__Input data__

================================

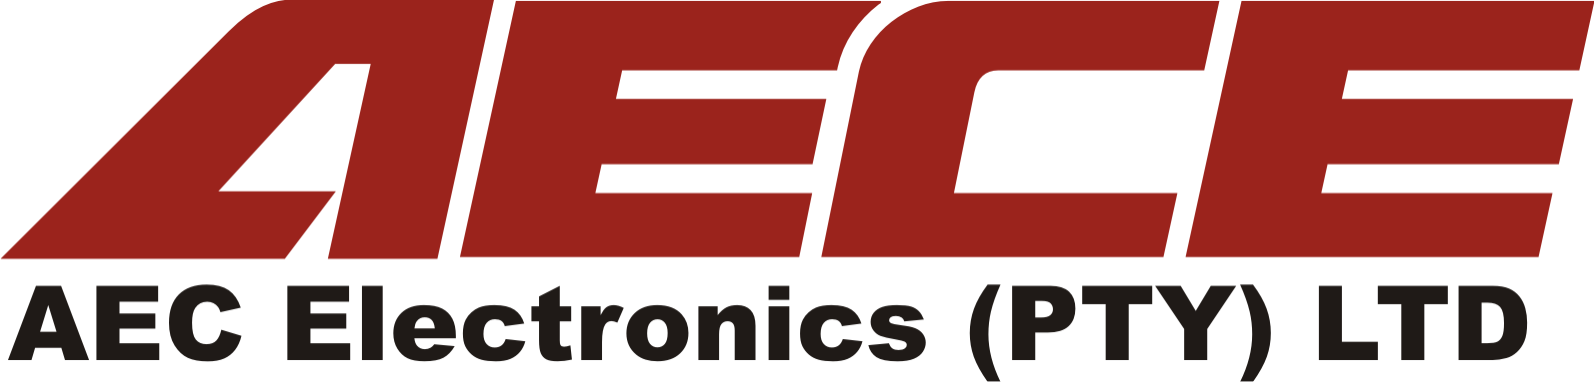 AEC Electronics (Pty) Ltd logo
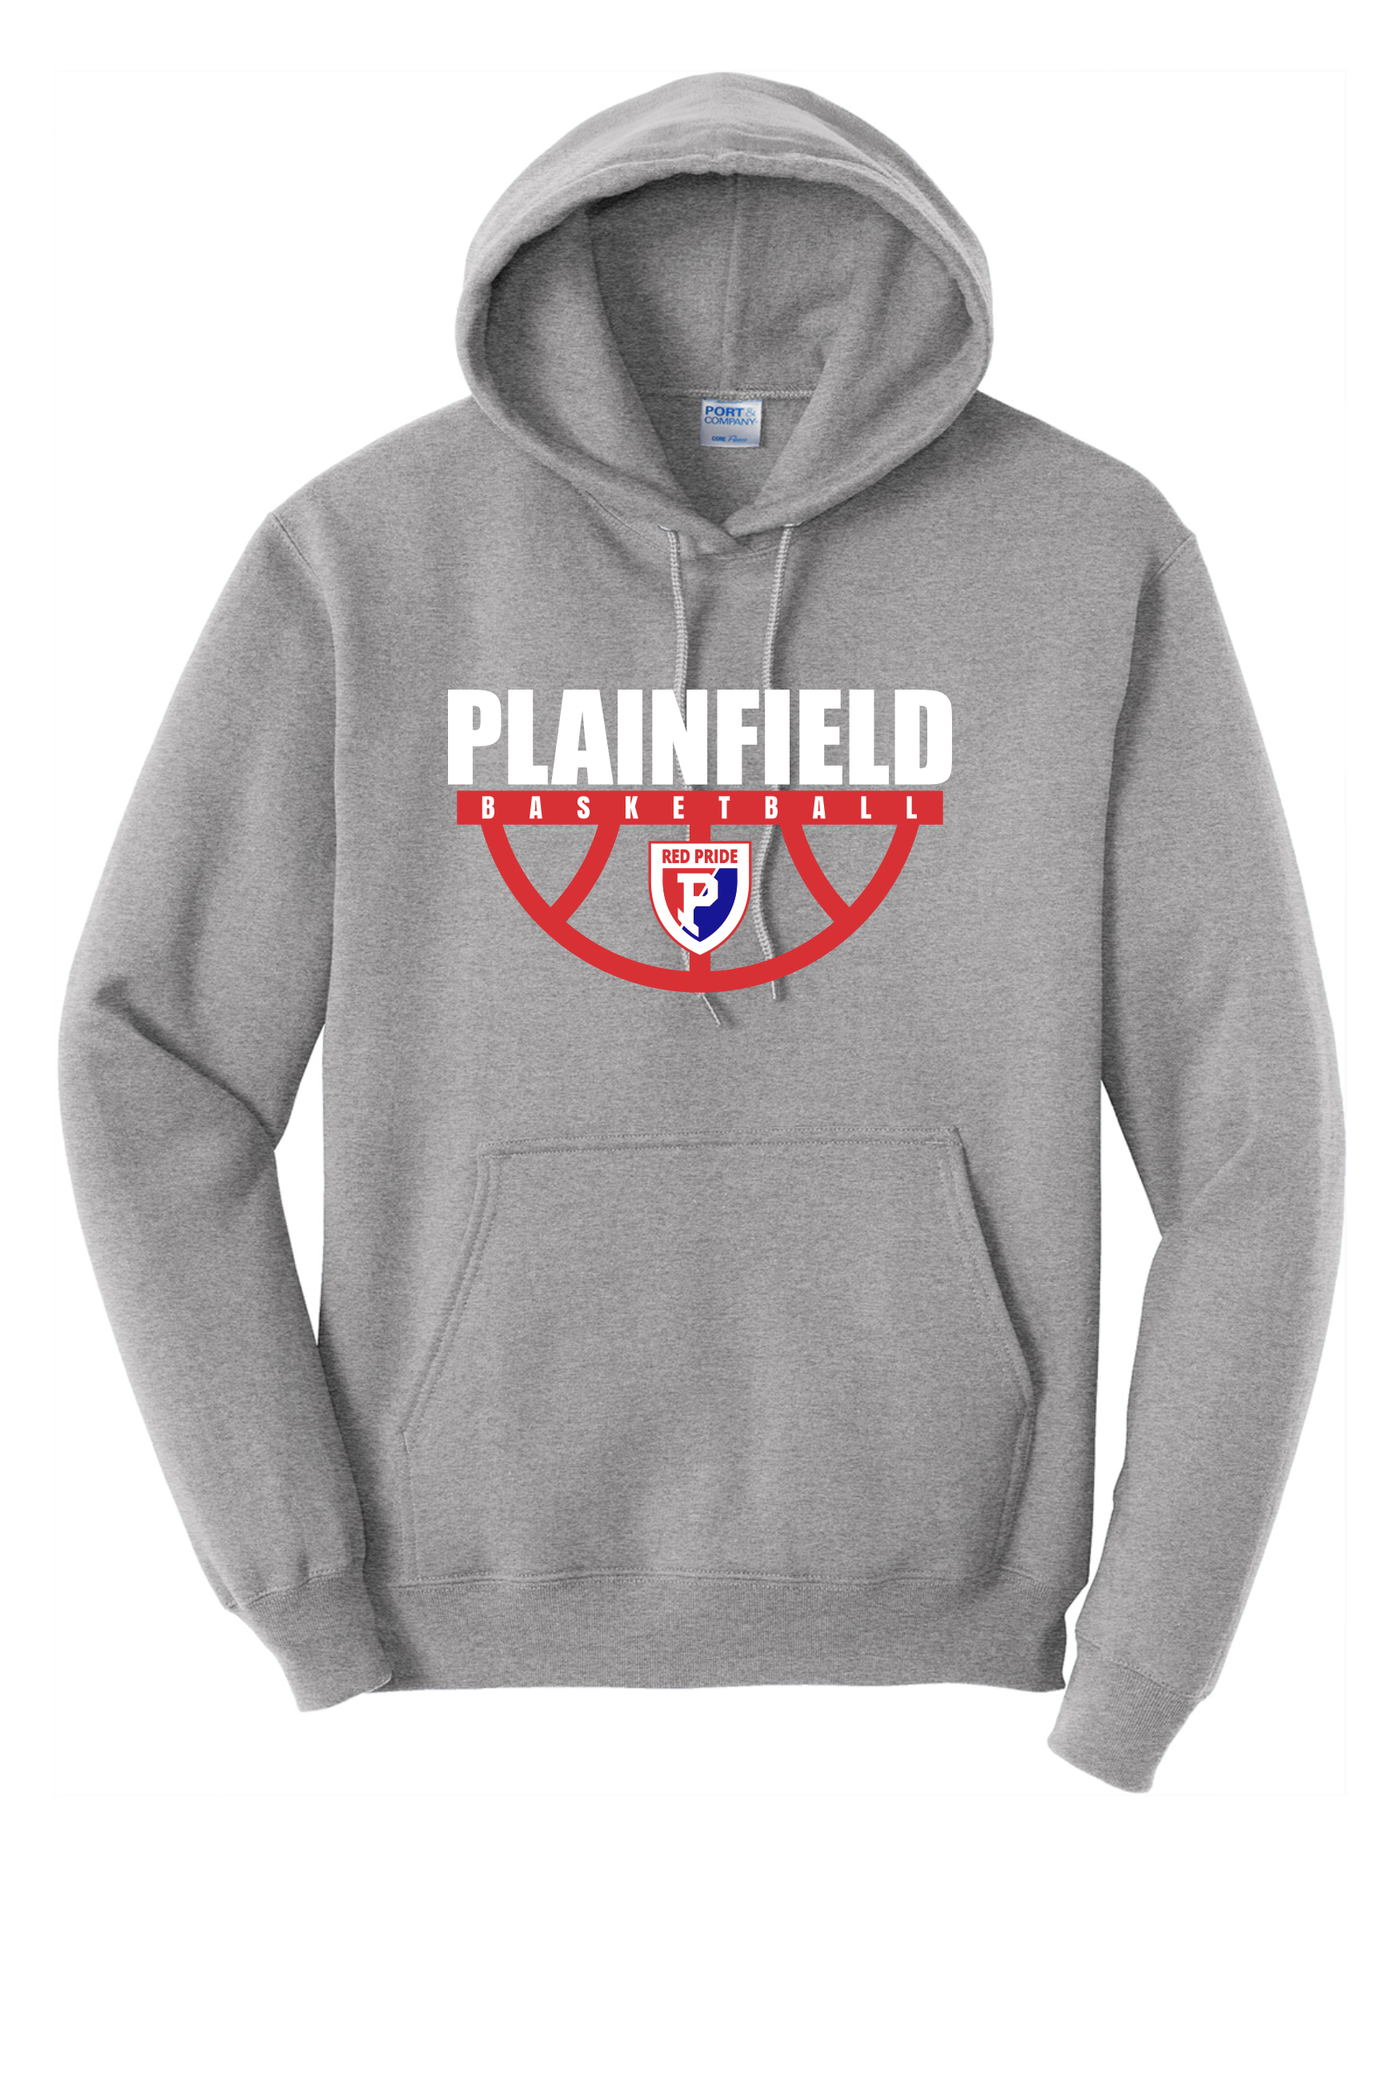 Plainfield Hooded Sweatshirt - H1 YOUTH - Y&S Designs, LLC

================================

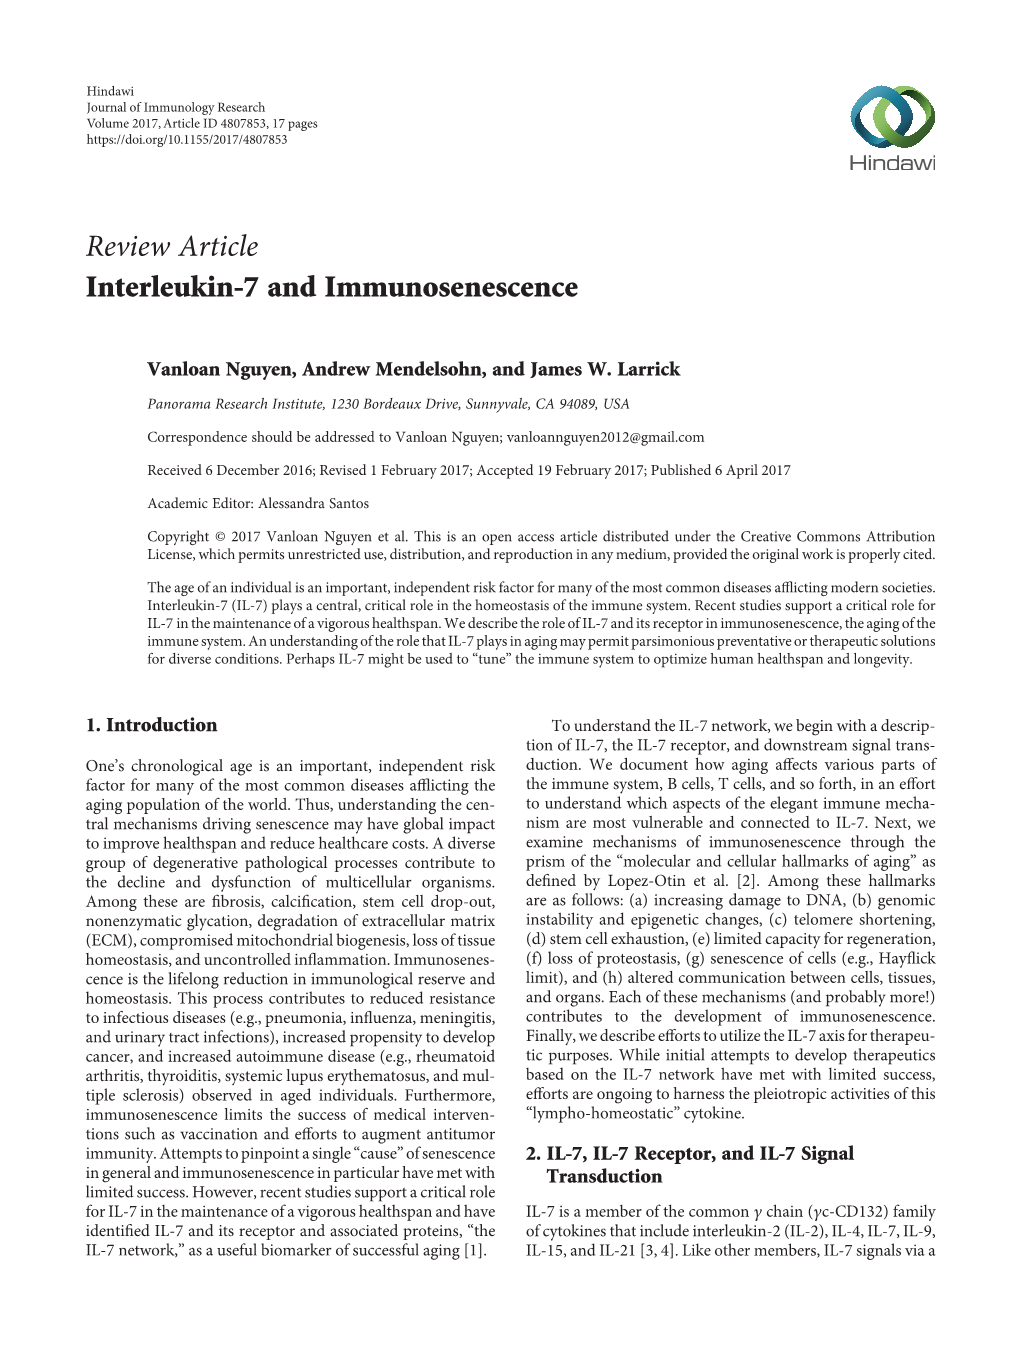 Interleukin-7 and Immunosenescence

================================

__What this task involves__
Your reply is to be an exact repeat of the listing above from the line holding "AEC Electronics (Pty) Ltd logo" down to the line holding "Plainfield Hooded Sweatshirt", ends included, pictures excluded.

__Problem solution__
 AEC Electronics (Pty) Ltd logo
 Plainfield Hooded Sweatshirt - H1 YOUTH - Y&S Designs, LLC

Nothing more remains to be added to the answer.